▶ Your assignment:
Look below for the line with "Logo Risdam-Noord Groen"; begin the copy there and stop after the line with "Deer ilustration icon vector design by idan", keeping the text exact and the pictures out.

*** Opening Records provided ***

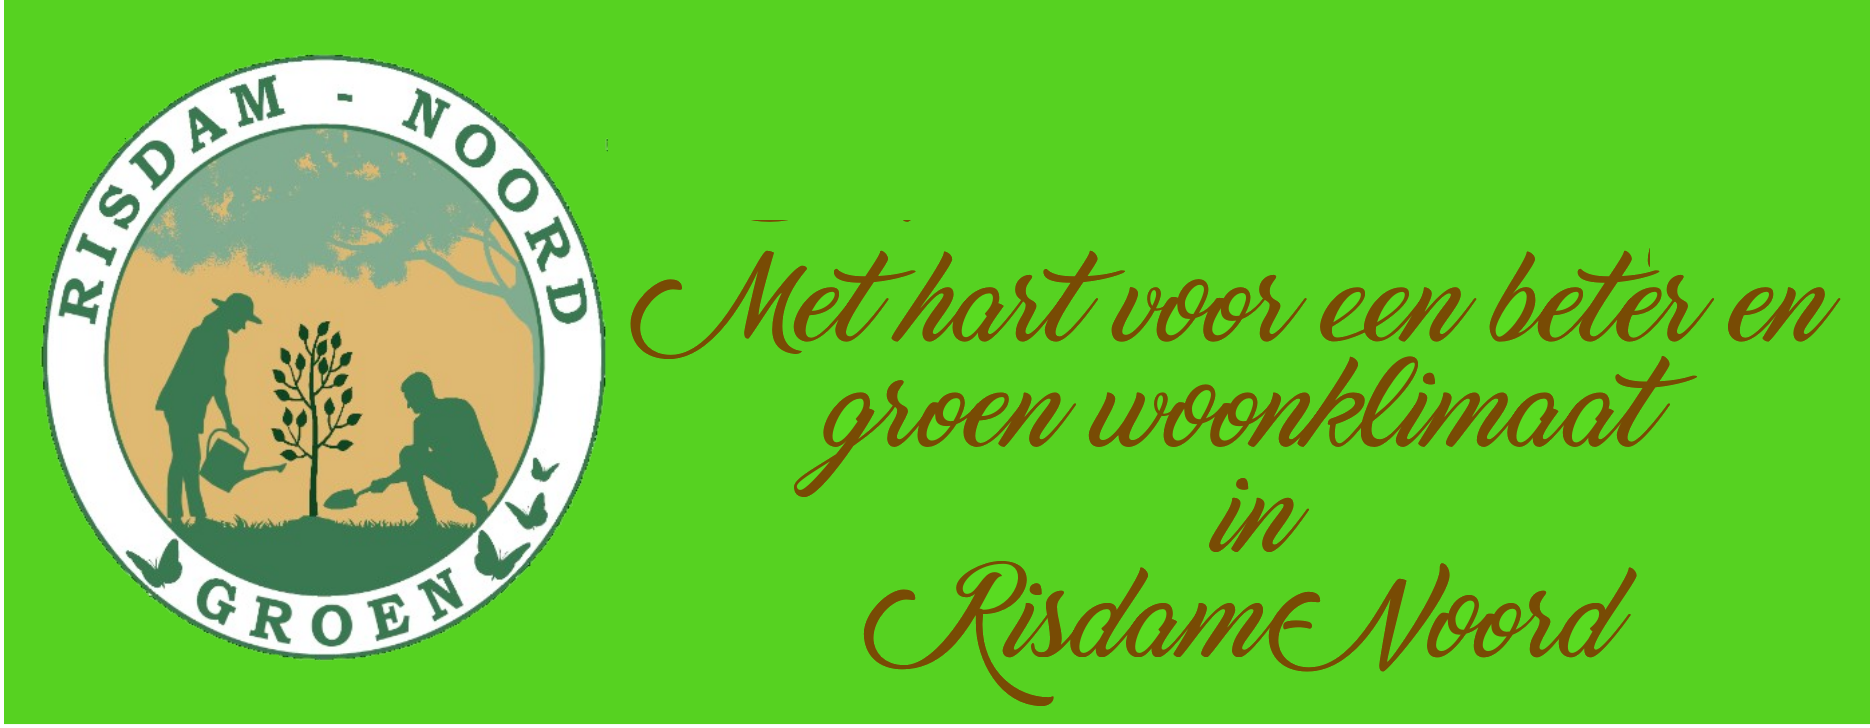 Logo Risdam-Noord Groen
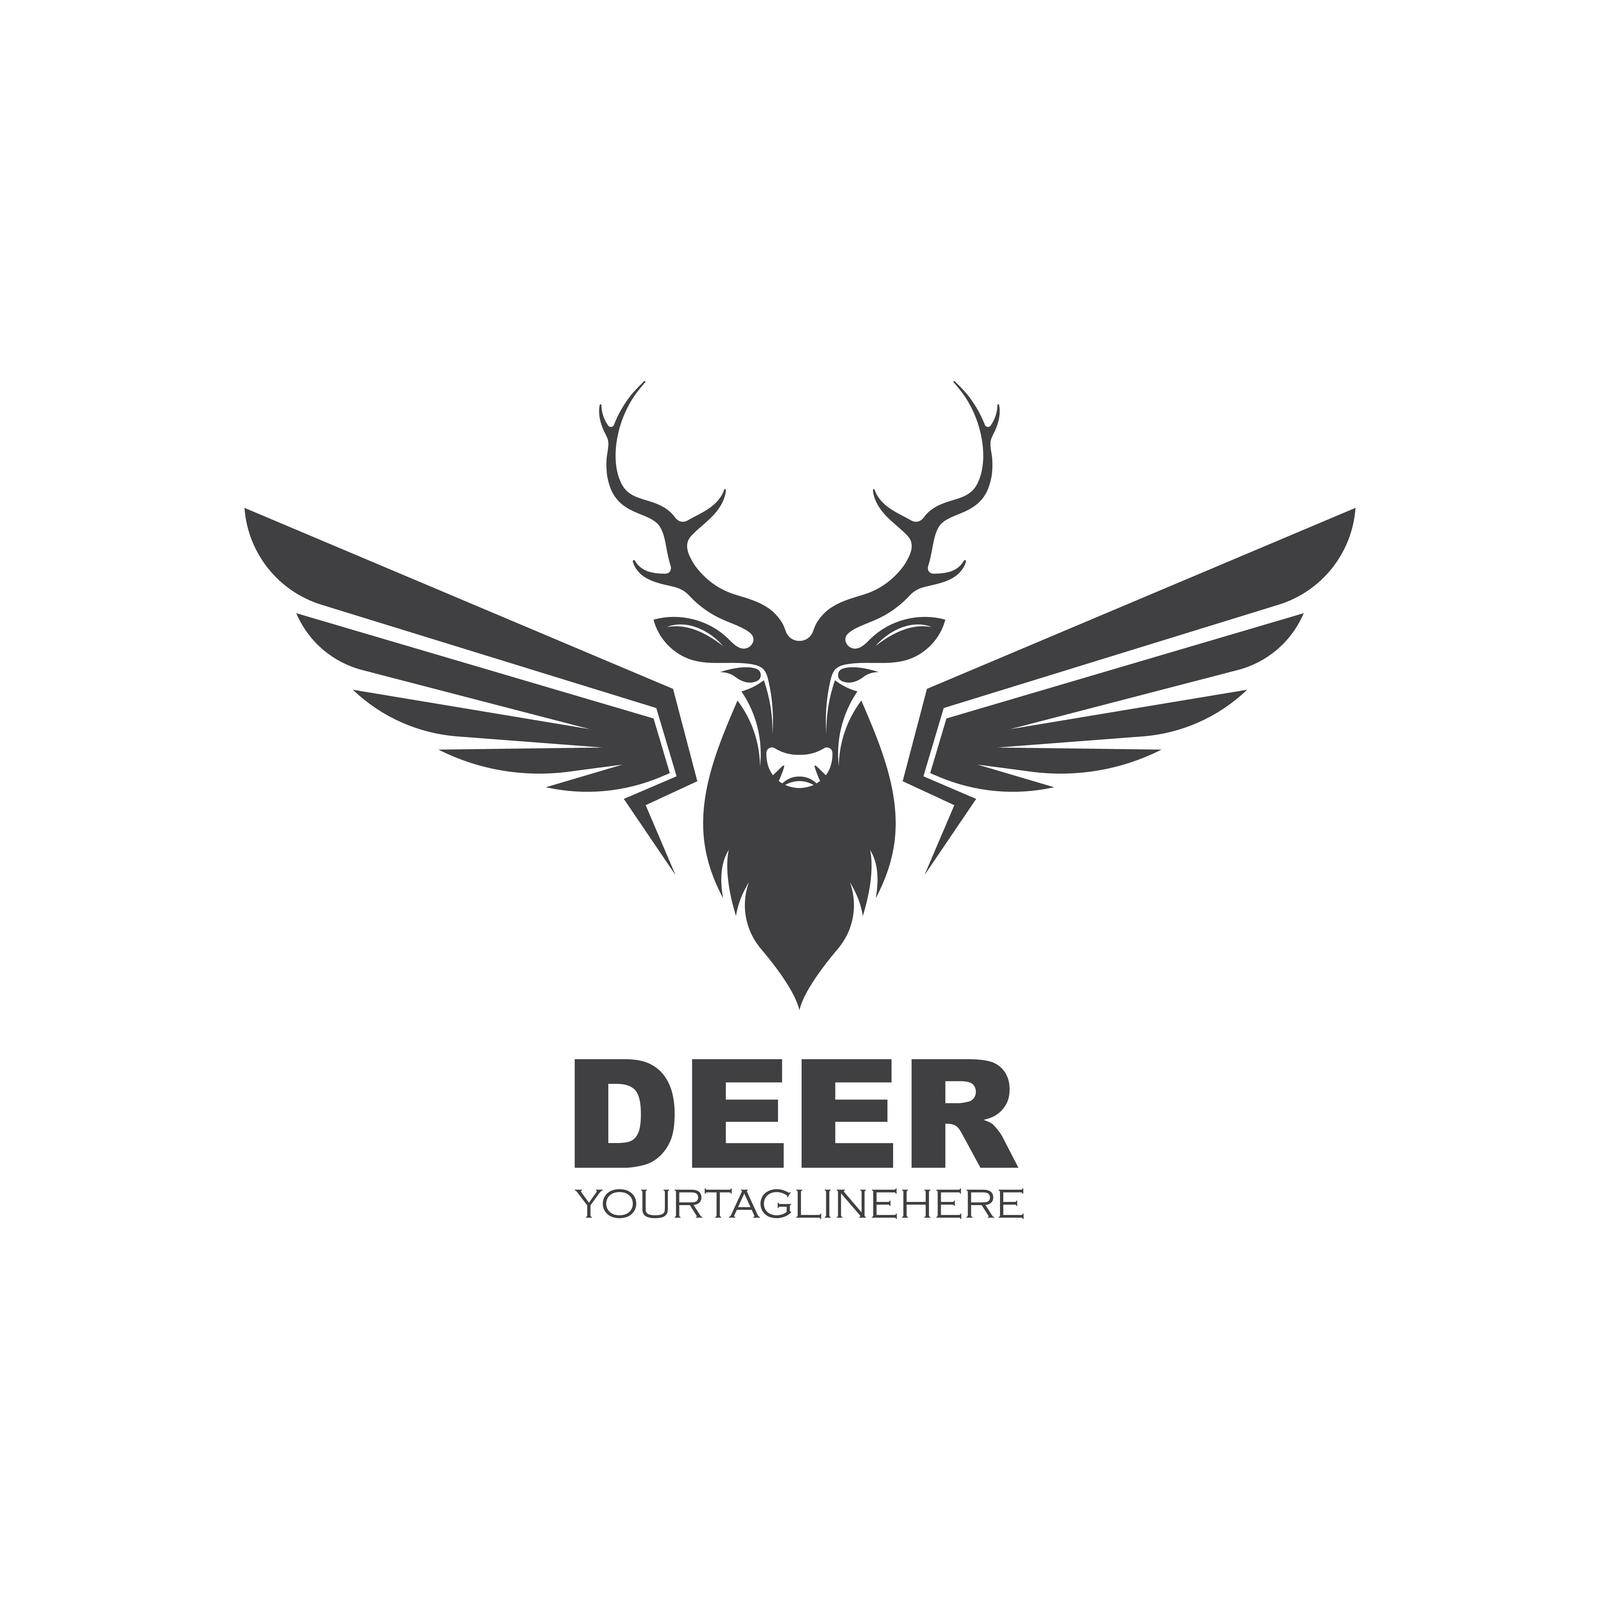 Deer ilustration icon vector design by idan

*** Closing Records provided ***
*** Opening Records provided ***

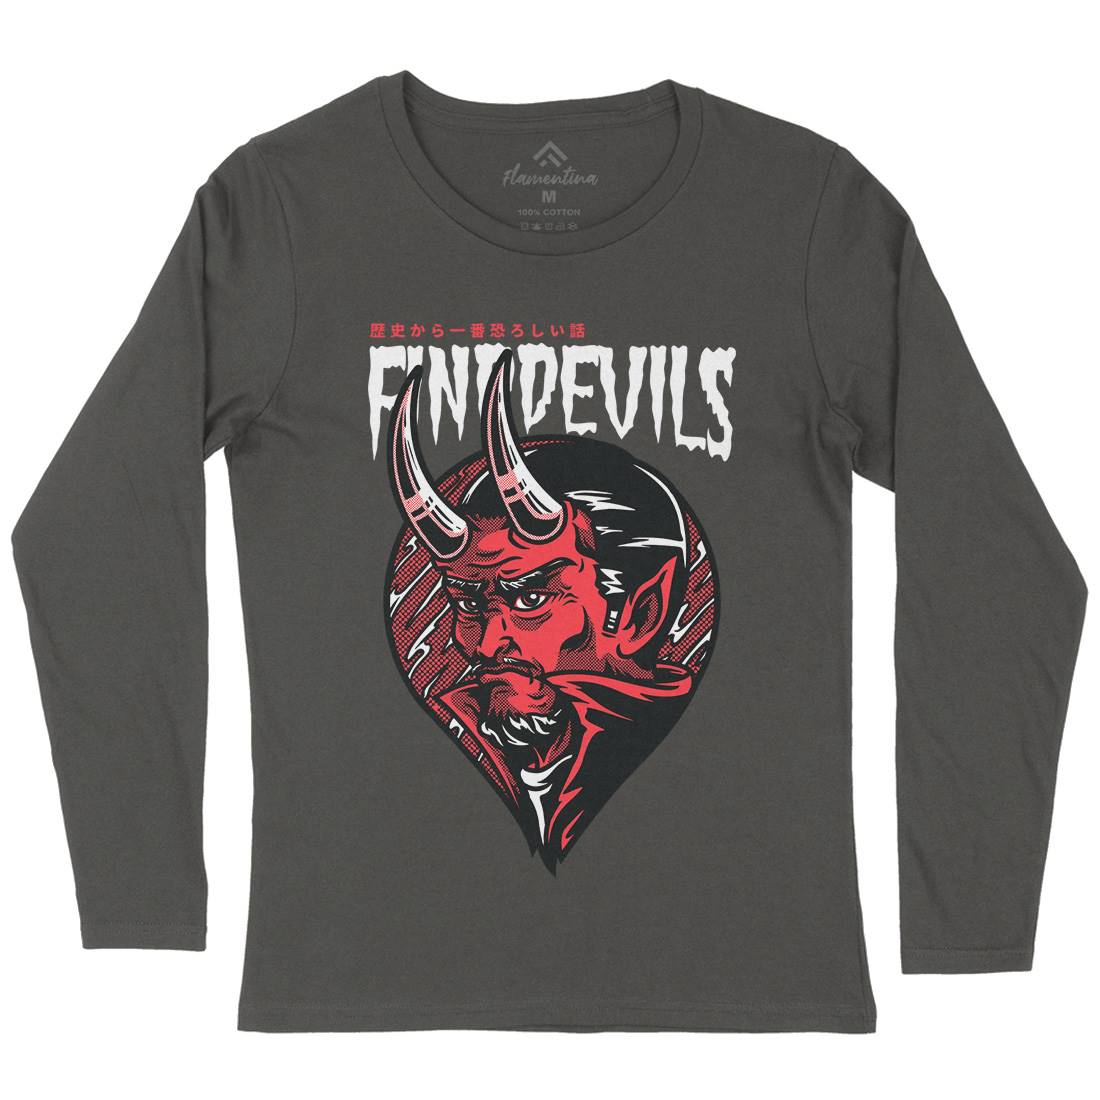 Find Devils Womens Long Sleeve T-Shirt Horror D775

*** Closing Records provided ***
*** Opening Records provided ***

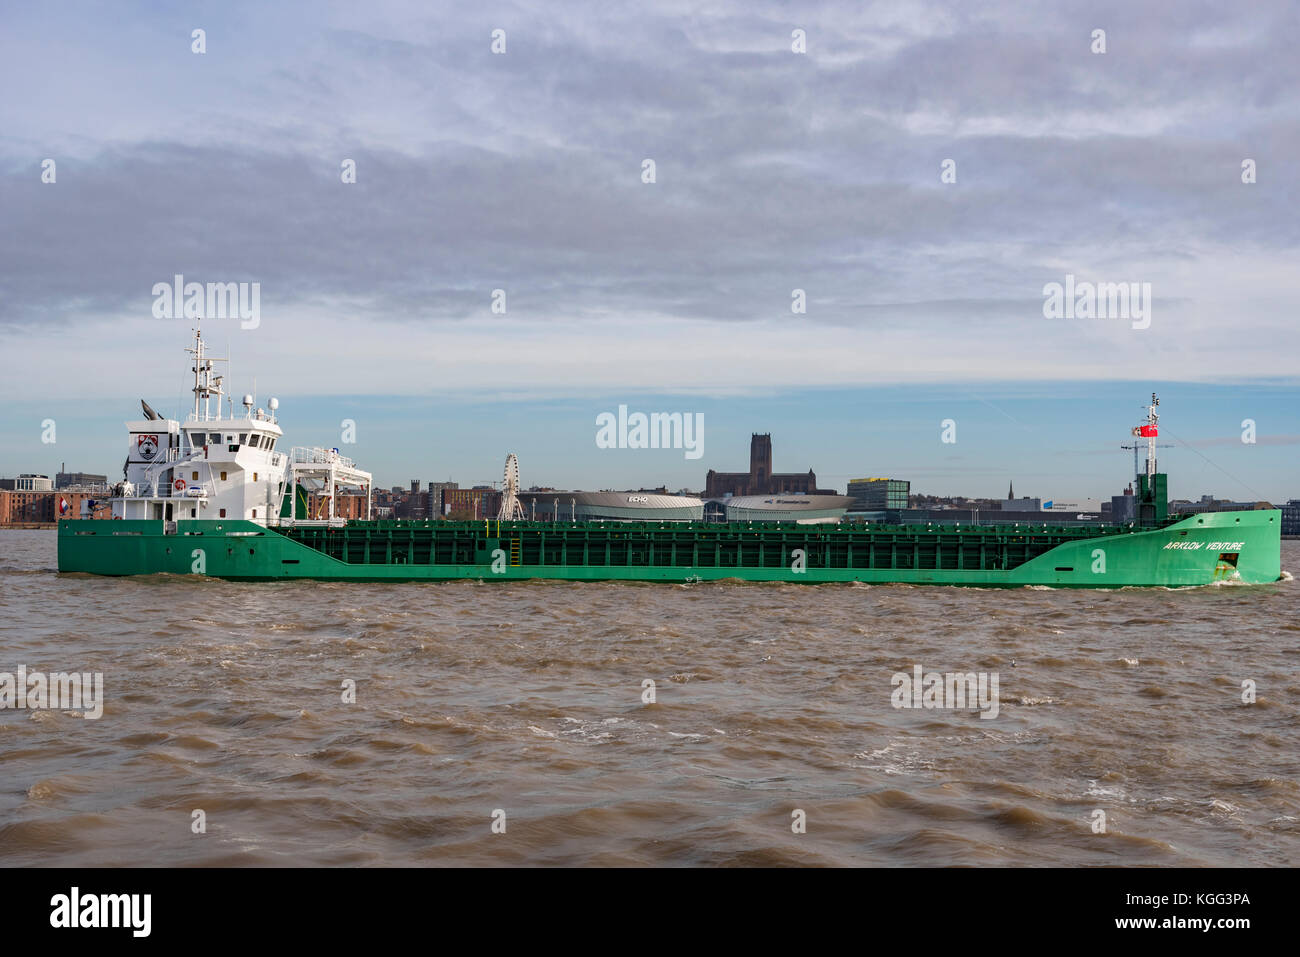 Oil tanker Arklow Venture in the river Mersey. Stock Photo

*** Closing Records provided ***

▶ Exercise answer:
 Logo Risdam-Noord Groen
 Deer ilustration icon vector design by idan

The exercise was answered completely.